What happens when something unexpected occurs? It is a question that I reflect on quite often, not just in teaching mathematics but in all types of situations. My son, who is autistic, is an extreme follower of rules. More than anyone I know, established routines govern his life and provide him comfort. However, when habits are broken, learning opportunities happen.

A prime example of a routine for him is the path we take to school or the store. If we take a different route, it will typically lead to frustration. At this moment, I have to make a choice as a parent:

- Offer him a new routine or rule to make sense of the change.
- Allow him to struggle with strategies he has used in other situations to make sense of what is going on.

The quick fix is to offer a new rule such as “this is the path we will now take on Tuesdays” instead of struggling with “it is ok that we take this route this one time, we have to be flexible, use some of your strategies.” The problem with the quick fix is that while it works now, what happens next Tuesday? Will I remember to go the new way?

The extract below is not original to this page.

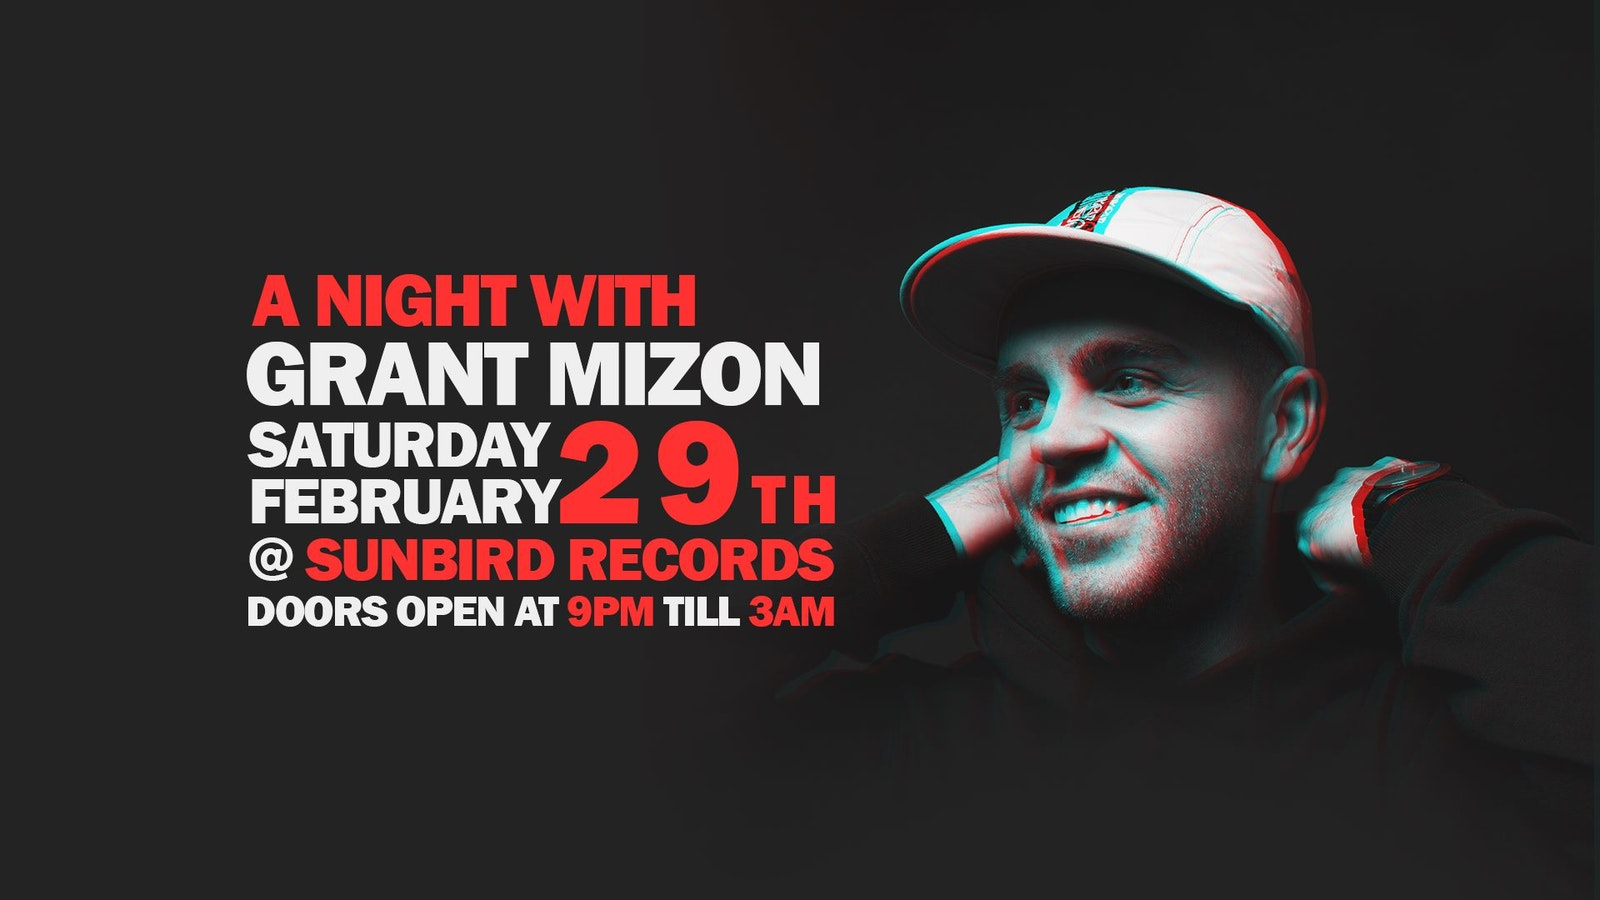 A Night With Grant Mizon

I tell that personal anecdote as it is similar to some of the thoughts I have been having about the Algebra 1 curriculum that is currently under construction at Desmos. The unexpected happens for students in Algebra when they first encounter quadratic equations. Students spend most of middle school mathematics learning about linear patterns through proportional reasoning and constant rates of change. However, when teaching quadratic equations, there is a potential tendency to jump to various rules and define new situations for students (some of which do not work in every case). Here are just a few:

- F.O.I.L. (First, Outside, Inside, Last)
- Factoring Rules with Boxes or X’s
- Standard Form
- Factored Form
- Vertex Form

Not saying that defined structures, rules or formulas are not an important part of Algebra. The current unit Desmos has released addresses the last three and a slew of vocabulary words related to quadratics. The build-up of conceptual understanding through patterns and visual representations is where the unit shines. It allows students to use familiar strategies instead of rules to make sense of quadratics.

For mathematicians, analyzing patterns and exploring visual representations are two transferable strategies when encountering a new or unexpected situation.

#### Analyzing Patterns

Devoting time to exploring the pattern of quadratic functions can be a helpful step in transitioning from linear to quadratic thinking. Students come to Algebra from years of pattern explorations in earlier grades and this should feel somewhat familiar to them, but with a new twist.

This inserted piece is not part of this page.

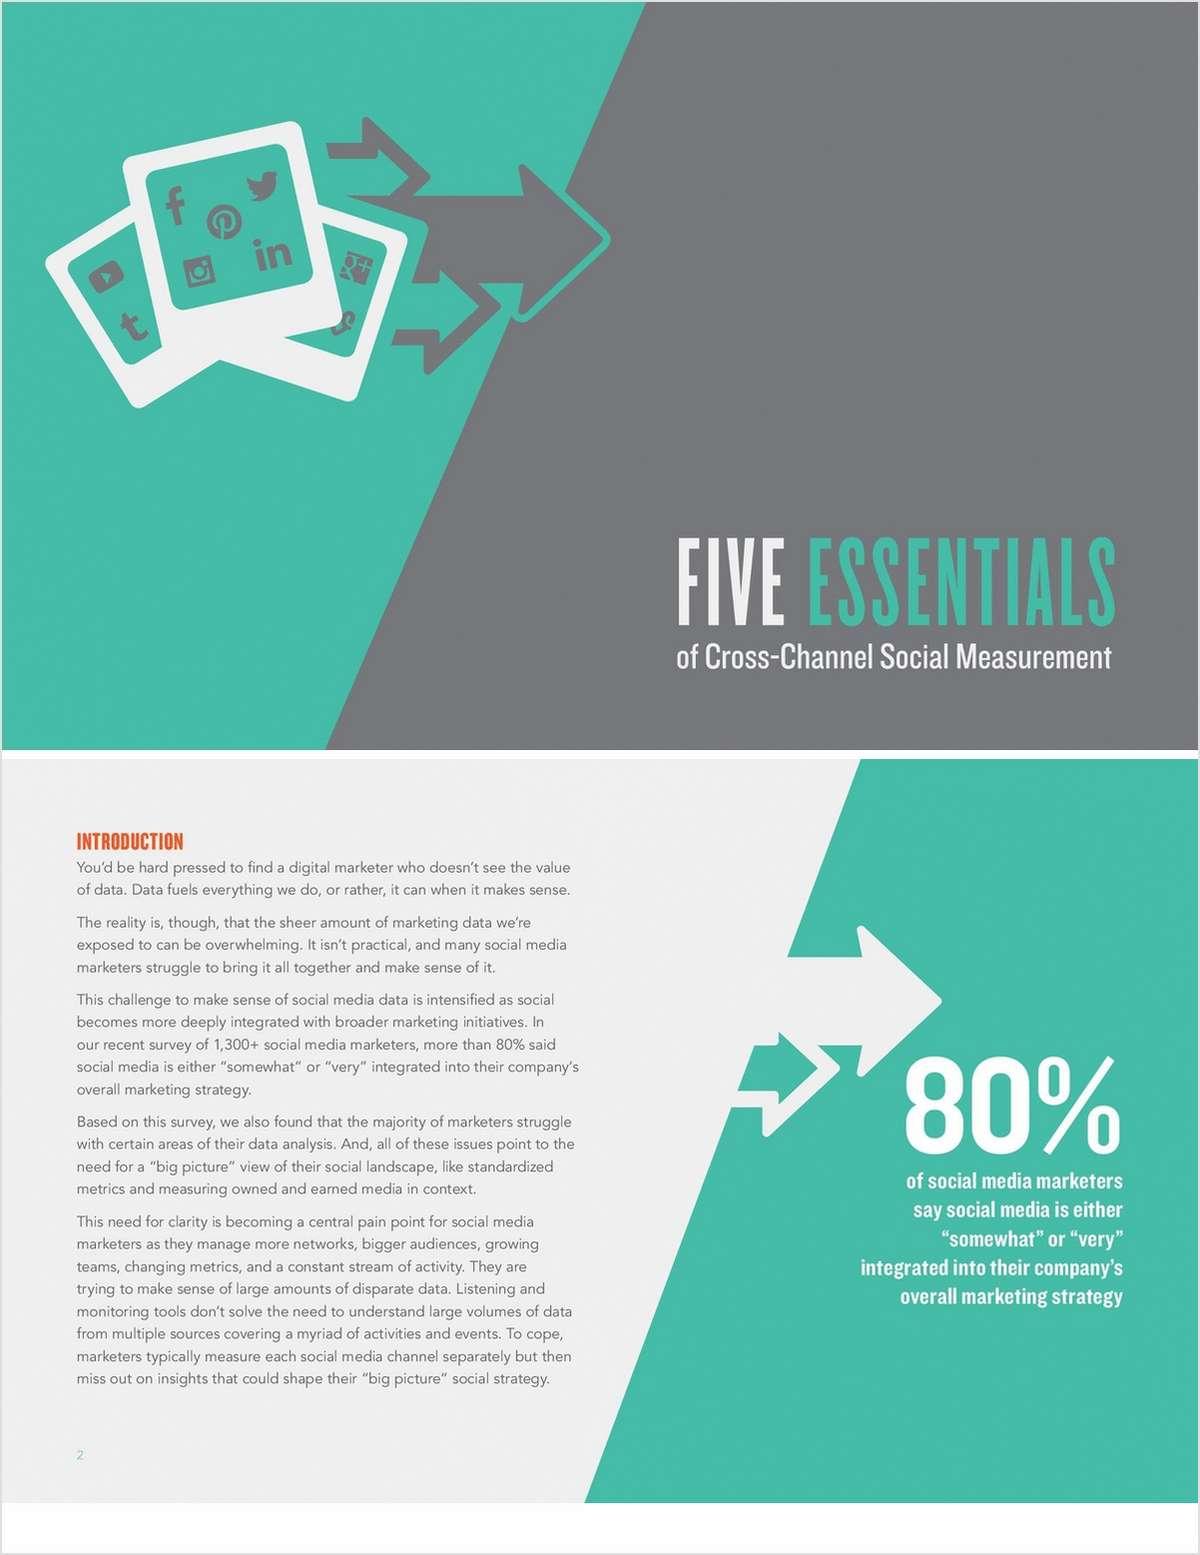 Five Essentials of Cross-Channel Social Measurement

At the beginning of the unit students are asked to build a pattern and then extend it to step ten with some Desmos interactive magic.

#### Exploring Visual Representations

After exploring the pattern of quadratics, students have space to play with the graph. Understanding the visual representation of a quadratic in the form of a graph is pivotal to developing connections to various types of quadratic equations.

Students are encouraged to manipulate the graph of quadratic functions using the vertex, concavity, and the concept of symmetry to create some visual art.

There are a variety of approaches to teaching any mathematics content, but are we overloading students with a set of rules that may not work next Tuesday? Consider anchoring students in analyzing patterns and exploring visual representations as transferable mathematical strategies to lean on in any situation.

Side note: If you have not made some parabola art yet, highly recommended, it is a lot of fun.